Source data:

----

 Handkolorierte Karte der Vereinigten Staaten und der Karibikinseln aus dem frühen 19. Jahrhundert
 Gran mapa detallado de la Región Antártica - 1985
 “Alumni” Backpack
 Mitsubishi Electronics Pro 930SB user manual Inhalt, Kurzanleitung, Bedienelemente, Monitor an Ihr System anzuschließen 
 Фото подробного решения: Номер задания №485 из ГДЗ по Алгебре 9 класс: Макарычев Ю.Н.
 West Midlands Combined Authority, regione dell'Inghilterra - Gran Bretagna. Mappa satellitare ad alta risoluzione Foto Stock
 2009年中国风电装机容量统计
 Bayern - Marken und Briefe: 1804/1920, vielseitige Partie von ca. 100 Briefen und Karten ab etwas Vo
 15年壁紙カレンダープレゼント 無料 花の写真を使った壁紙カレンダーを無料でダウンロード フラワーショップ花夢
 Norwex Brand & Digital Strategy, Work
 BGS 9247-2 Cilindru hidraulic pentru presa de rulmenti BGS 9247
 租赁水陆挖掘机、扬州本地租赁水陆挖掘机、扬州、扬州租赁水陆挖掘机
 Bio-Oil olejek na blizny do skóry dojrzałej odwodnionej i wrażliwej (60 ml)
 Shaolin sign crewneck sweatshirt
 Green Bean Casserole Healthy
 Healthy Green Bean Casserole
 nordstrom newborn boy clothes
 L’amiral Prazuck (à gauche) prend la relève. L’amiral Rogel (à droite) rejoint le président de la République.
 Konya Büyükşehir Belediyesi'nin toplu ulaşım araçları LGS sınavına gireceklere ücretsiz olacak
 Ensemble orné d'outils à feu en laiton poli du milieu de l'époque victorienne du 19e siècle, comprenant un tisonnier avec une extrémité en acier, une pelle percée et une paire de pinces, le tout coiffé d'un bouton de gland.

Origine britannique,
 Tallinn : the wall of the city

----

### Your task
Exactly the lines from the one containing "Green Bean Casserole Healthy" through the final line of the records must appear in your reply, and no others.

### Result
 Green Bean Casserole Healthy
 Healthy Green Bean Casserole
 nordstrom newborn boy clothes
 L’amiral Prazuck (à gauche) prend la relève. L’amiral Rogel (à droite) rejoint le président de la République.
 Konya Büyükşehir Belediyesi'nin toplu ulaşım araçları LGS sınavına gireceklere ücretsiz olacak
 Ensemble orné d'outils à feu en laiton poli du milieu de l'époque victorienne du 19e siècle, comprenant un tisonnier avec une extrémité en acier, une pelle percée et une paire de pinces, le tout coiffé d'un bouton de gland.

Origine britannique,
 Tallinn : the wall of the city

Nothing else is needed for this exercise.